Was Jesus blunt in presenting this analogy? Does it send shock wave through you? Oh yes, very much so. His teaching on the way to obtain and maintain spiritual salvation is like a sword because it separates people into those who believe and those who do not. Jesus is saying specifically that his teaching will cut through families like a sword, with some family members believing and following Jesus' teaching and other family members rejecting Jesus' teaching.
Scripture shows us very clearly how Jesus divides people. Jesus confronts us with the truth. He is "the truth" (John 14:6). We have to respond. The way we respond divides us. We can either accept the truth [Him] or reject it [Him]. If we think we can be neutral or ignore it [Him], that is ultimately a form of rejection.
By his coming to earth, Jesus confronted us in a new way with God's eternal truth. Men had to react to this confrontation. No more could humanity stand on neutral ground. People’s reaction divided them into two groups, those who accepted Jesus and those who rejected him. It was not unusual then, and is not unusual today, to have different members within the same family be in these different groups.

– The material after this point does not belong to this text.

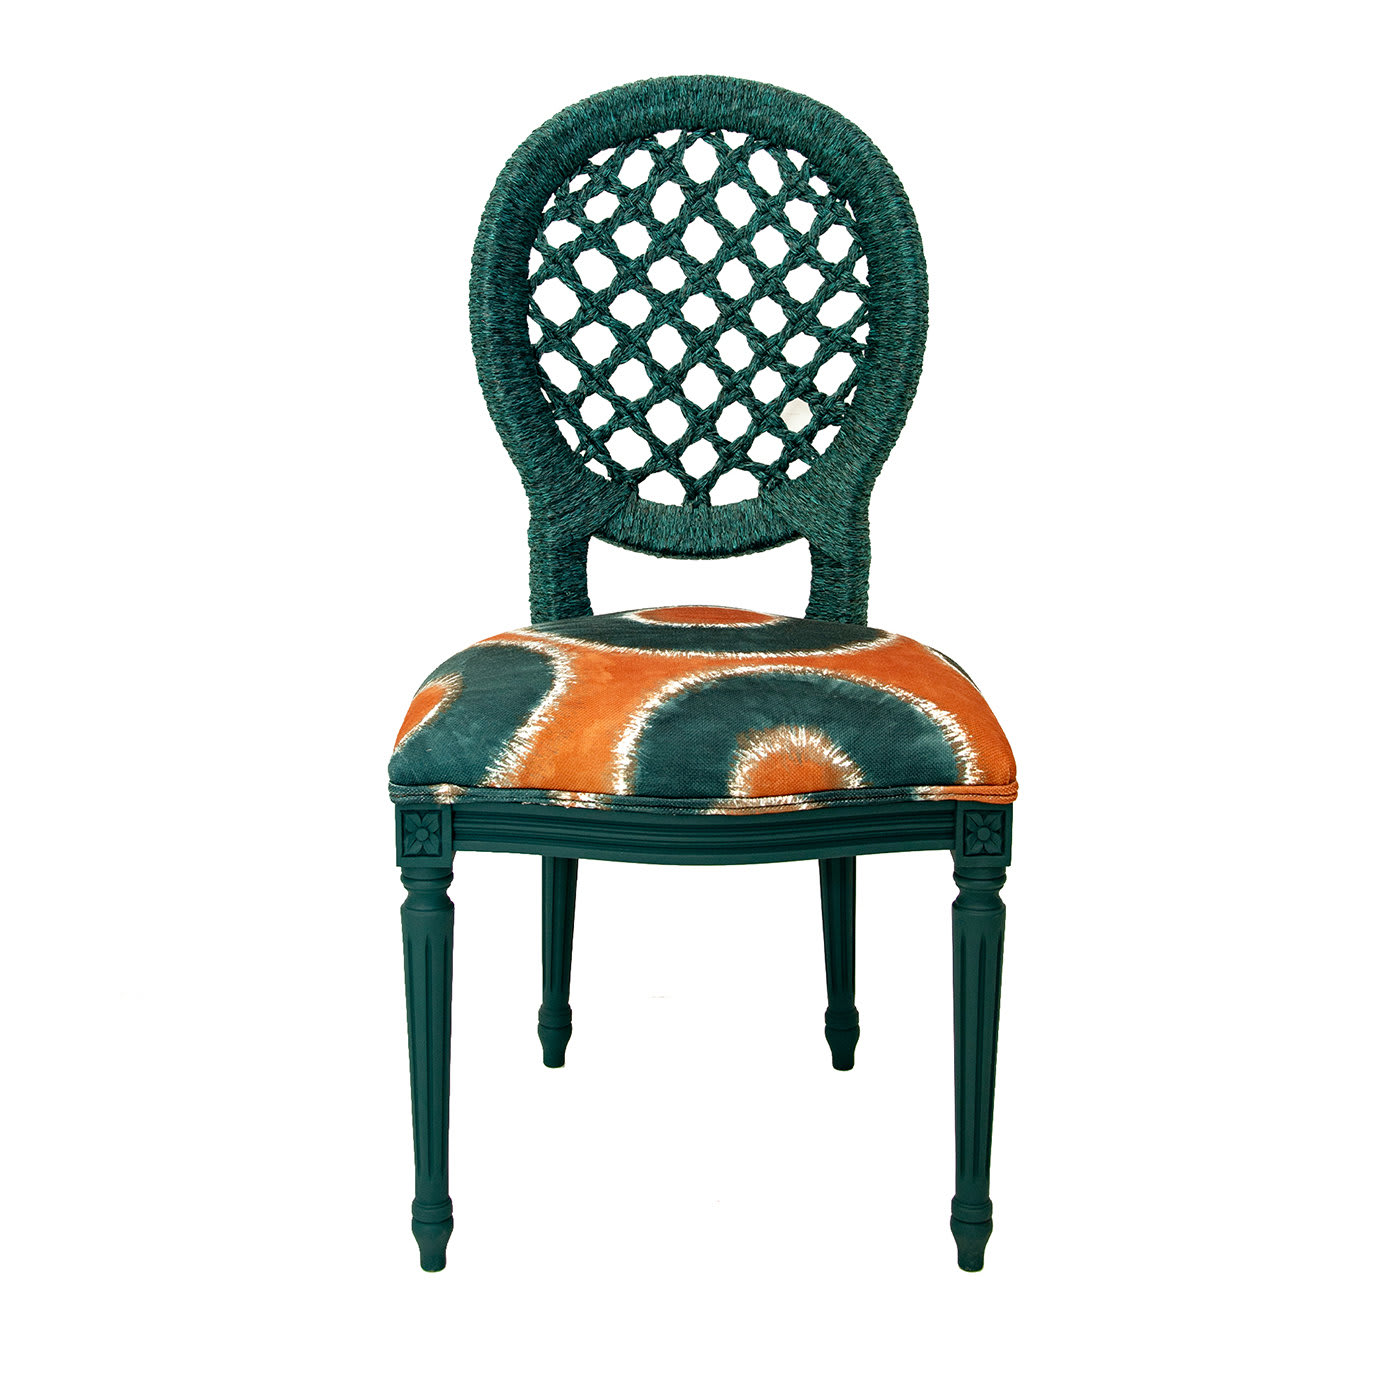 Amalfi Chair by Giannella Ventura - Via Rossini Milano

The Scriptural view is clear... the world is divided into two groups: those who believe in Jesus Christ and those who do not believe in him, those who are in the kingdom of God and those who are in the kingdom of darkness. There is no middle ground. There is no room for fence-sitters. Jesus said, "He who is not with me is against me" (Matthew 12:30).
Split loyalty will not work. You cannot serve more than one God. "No one can serve two masters...” (Matthew 6:24). Christians should not be "yoked together with unbelievers. For what do righteousness and wickedness have in common? What fellowship can light have with darkness? What harmony is there between Christ and Belial?" (2 Corinthians 6:14-15).
A Christian’s perspective should be like that of the apostle Paul, who saw the pain and trials of this life as nothing when compared to the joys of heaven (2 Corinthians 4:16-18). Jesus does not minimize the price of discipleship, because of the magnitude of the prize of discipleship.
God is eternal, man is not. Nothing clarifies your life more than death, wether it’s yours or someone close to you. We love our parents and our children, those are non-negotiable aspects of growing up in Christ. But who do we owe our allegiance to? Ask yourself, when you became a Christian, who did you commit your life to? Was it a mortal or immortal eternal commitment? Ultimately our allegiance does not belong to our mortal family members, but totally and exclusively to the Eternal Living God.
Most of us didn’t give a thought to the notion that when we invited Jesus Christ into our lives, he would bring a sword, with the intent to cut away the “gods we have placed before Him.” That turns our life upside down, and at some point we are confronted with choosing who will be first in our lives... God or someone else. Sometimes our allegiance to our family, conflicts with our allegiance to Christ. And in those moments we are confronted with the true depth of our faith.
As you contemplate Christ as the risen Savior and reigning King this Christmas season, think about the depth of your commitment to Him. Is He first, really first?